Papers with substantial GO content:

  • Cardiovascular GO Annotation Initiative Year 1 Report: Why Cardiovascular GO?, Ruth C Lovering, Emily Dimmer, Varsha K Khodiyar, Daniel G Barrell, Peter Scambler, Mike Hubank, Rolf Apweiler, Philippa J Talmud. Proteomics 2008 May; 8(10): 1950-3. PMID: 18491309.
  • Immunology on the GO, Alexander D Diehl, Evelyn B Camon, Ruth C Lovering. Immunology News 2008 May; 15-21.
  • The Gene Ontology - Providing a functional role in Proteomic Studies, Emily C Dimmer, Rachael P Huntley, Daniel G Barrell, David Binns, Sorin Draghici, Evelyn B Camon, Mike Hubank, Philippa J Talmud, Rolf Apweiler, Ruth C Lovering. Proteomics 2008 July Epub. PMID: 18634107.
  • Access to immunology through the Gene Ontology, Ruth C Lovering, Evelyn B Camon, Judith A Blake, Alexander D Diehl. Immunology 2008 Oct;125(2):154-60. PMID: 18798919.
  • Improvements to Cardiovascular Gene Ontology, Ruth C Lovering, Emily C Dimmer and Philippa J Talmud. Atherosclerosis 2008, In Press.

pdfs available at www.cardiovasculargeneontology.com

Presentations including Talks and Tutorials and Teaching:

  • Invited presentation (20 min) entitled: The Cardiovascular Gene Ontology Annotation Initiative, at the Cardiovascular Initiative Workshop, Human Proteome Organisation 7th Annual World Congress, August 2008 Amsterdam.

Poster presentations:

  • The Cardiovascular Gene Ontology Initiative, Ruth Lovering, Varsha Khodiyar, Daniel Barrell, Emily Dimmer, Peter Scambler, Mike Hubank, Rolf Apweiler, Philippa Talmud. 77th European Atherosclerosis Society Meeting, April 2008, Istanbul, Turkey.
  • The Cardiovascular Gene Ontology Initiative, Ruth Lovering, Varsha Khodiyar, Daniel Barrell, Emily Dimmer, Peter Scambler, Mike Hubank, Rolf Apweiler, Philippa Talmud. UCL Cardiovascular Science and Medicine day, June 2008, London, UK.
  • Participate in the Cardiovascular Gene Ontology Annotation Initiative, Ruth Lovering, Varsha Khodiyar, Emily Dimmer, Daniel Barrell, Peter Scambler, Mike Hubank, Rolf Apweiler, Philippa Talmud. Human Proteome Organisation 7th Annual World Congress, August 2008 Amsterdam, Netherlands.

Other Highlights

Ontology Development Contributions:

The BHF-UCL team have made 93 Source Forge request (to 18/09/08) which has led to the creation of 183 new GO terms. Many of these requests were specific to cardiovascular processes, for example several led to substantial improvements in the terms available to describe plasma lipoprotein particles and the processes involved in the assembly, disassembly, modification and transport of these particles. (Note that plasma lipoprotein particles are often indicators of cardiovascular disease risk).
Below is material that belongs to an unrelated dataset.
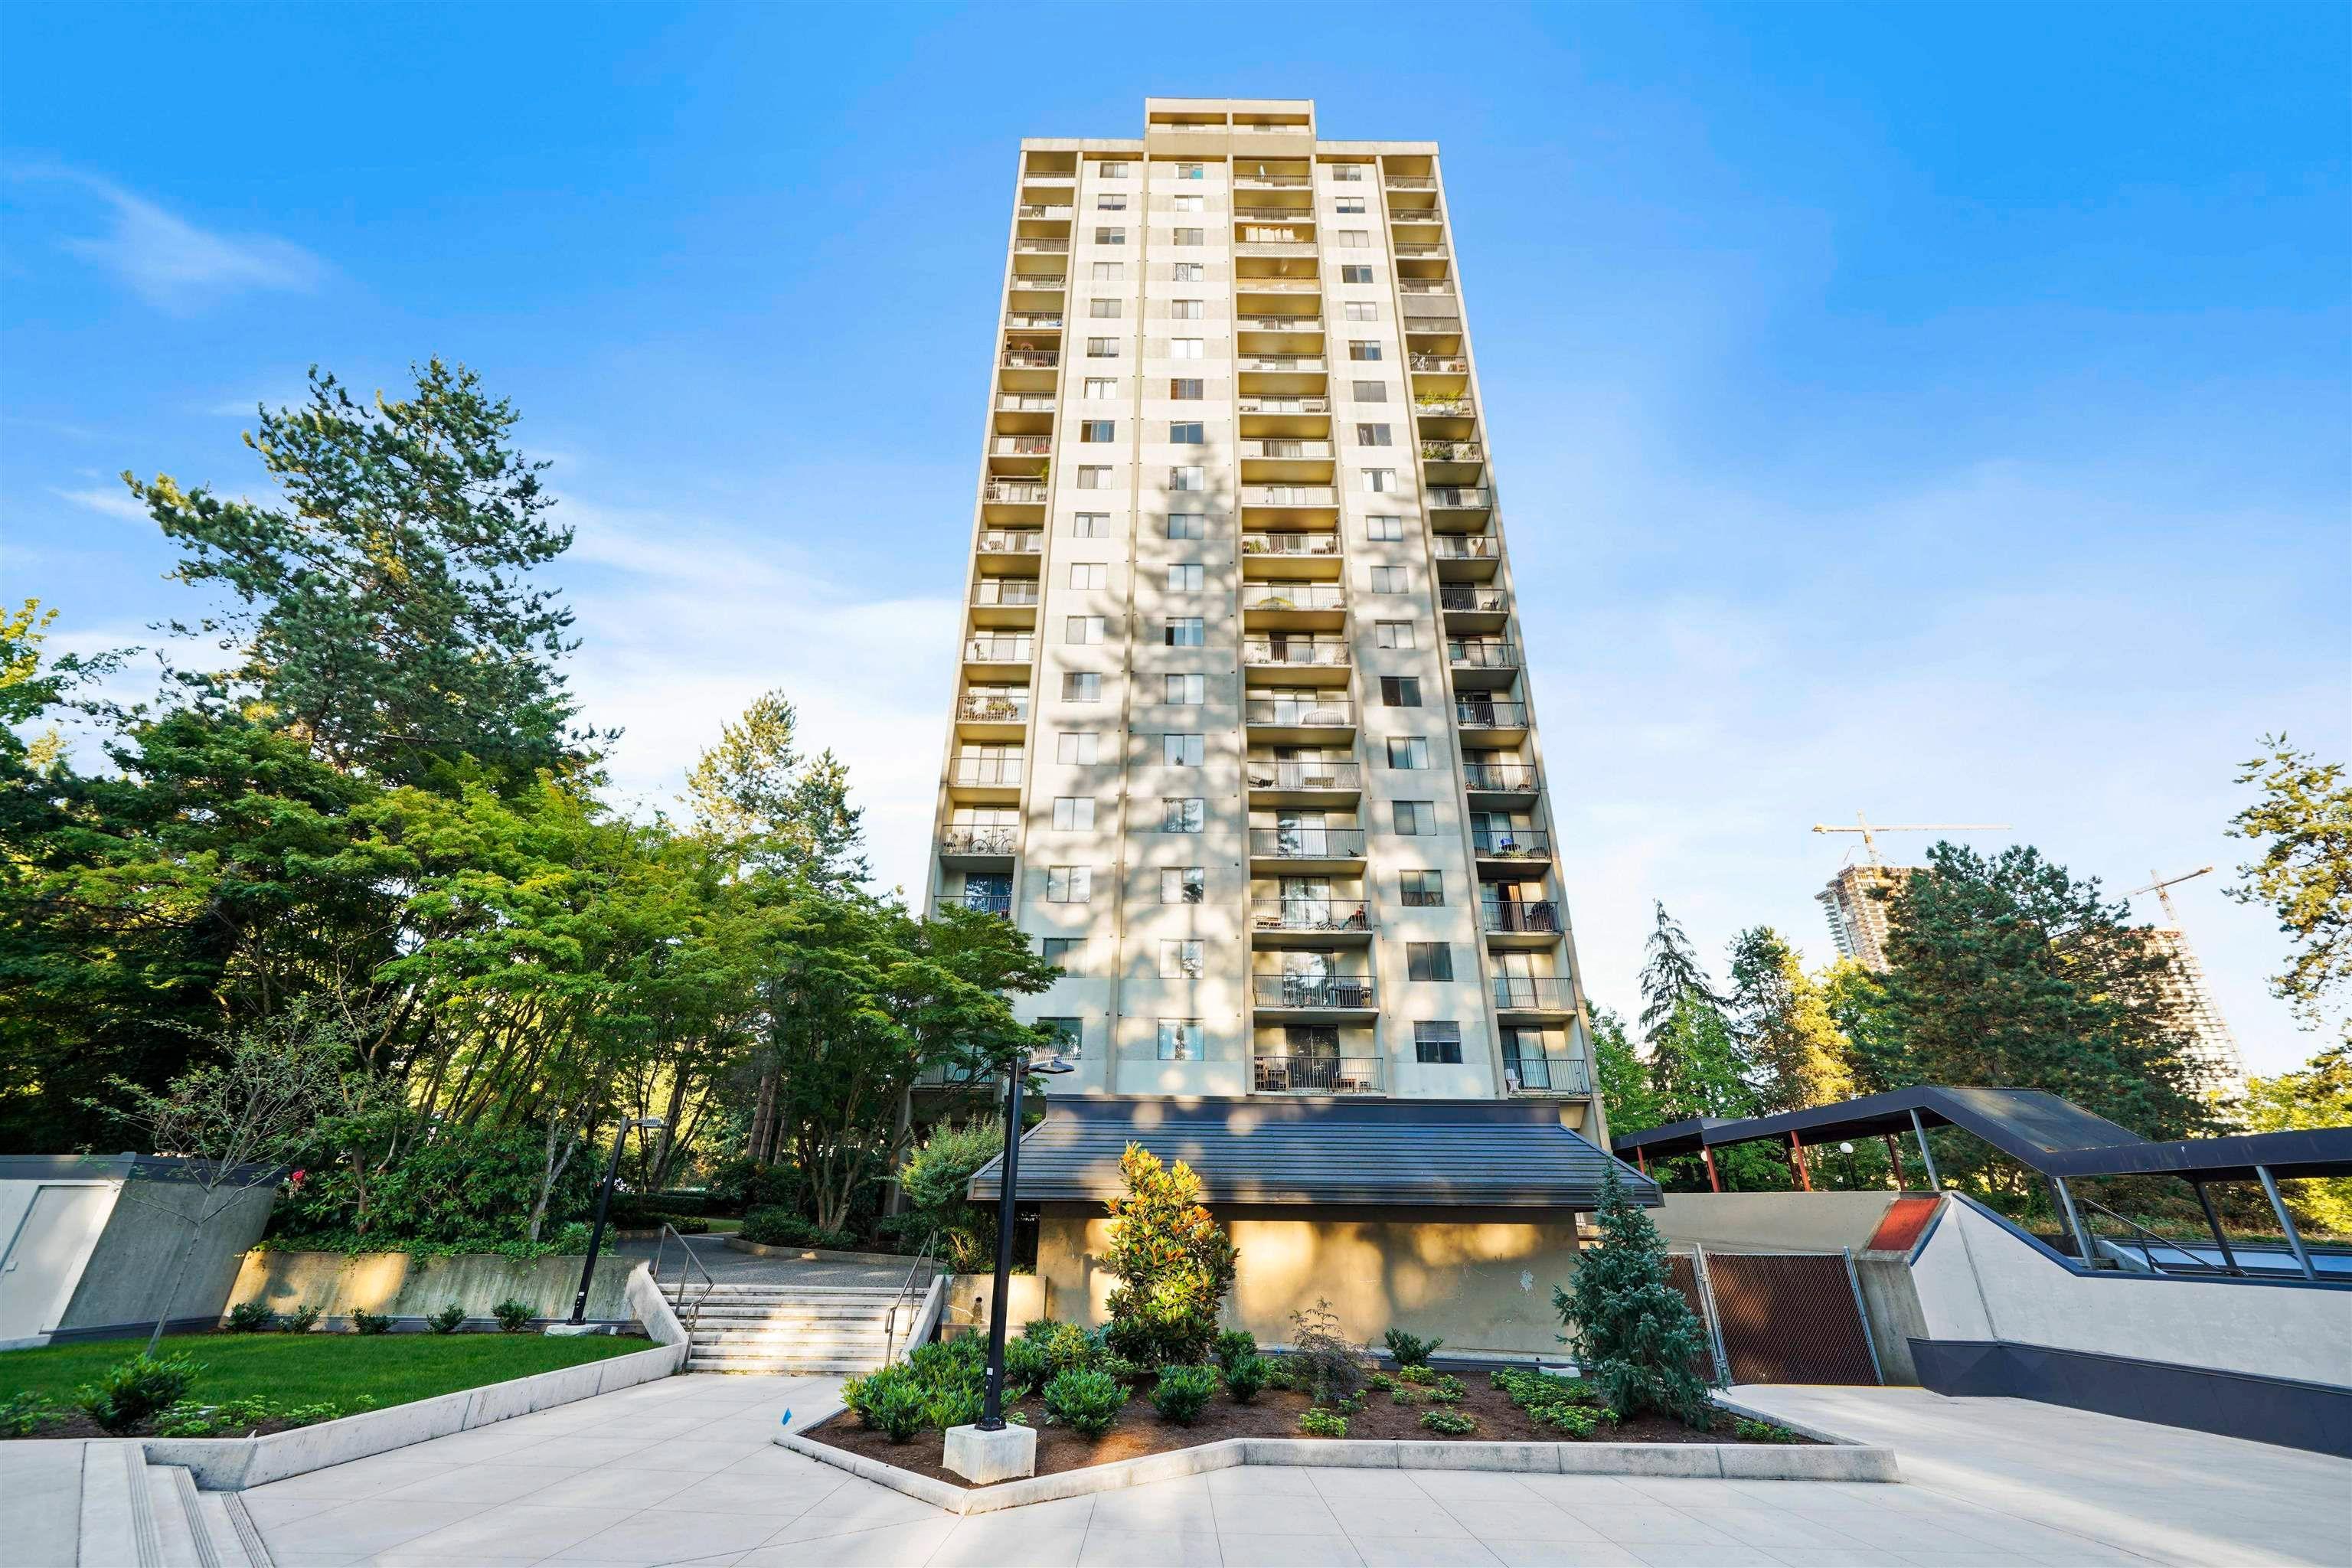 Main Photo: 505 9595 ERICKSON Drive in Burnaby: Sullivan Heights Condo for sale (Burnaby North)  : MLS®# R2621758

Annotation Outreach and User Advocacy Efforts:

The UCL GO curators are closely associated with the Cardiovascular Genetics group at UCL and have given 2 presentations at their group meetings. During one of these group meetings the annotation of the APOA family was discussed and modifications to the annotation of these genes were made to reflect this discussion.

Other Highlights:

Five cardiovascular-related societies or groups have given their support to this project and now provide a direct link to our website and help with the promotion of our Newsletter. To date the Initiative has circulated three newsletters, in April 2008, July 2008, October 2008, by direct email to the International Advisory Committee and individuals who have expressed an interest in this project; by indirect email, though the mailing lists of several cardiovascular related societies, as hardcopies at meetings and through our web site.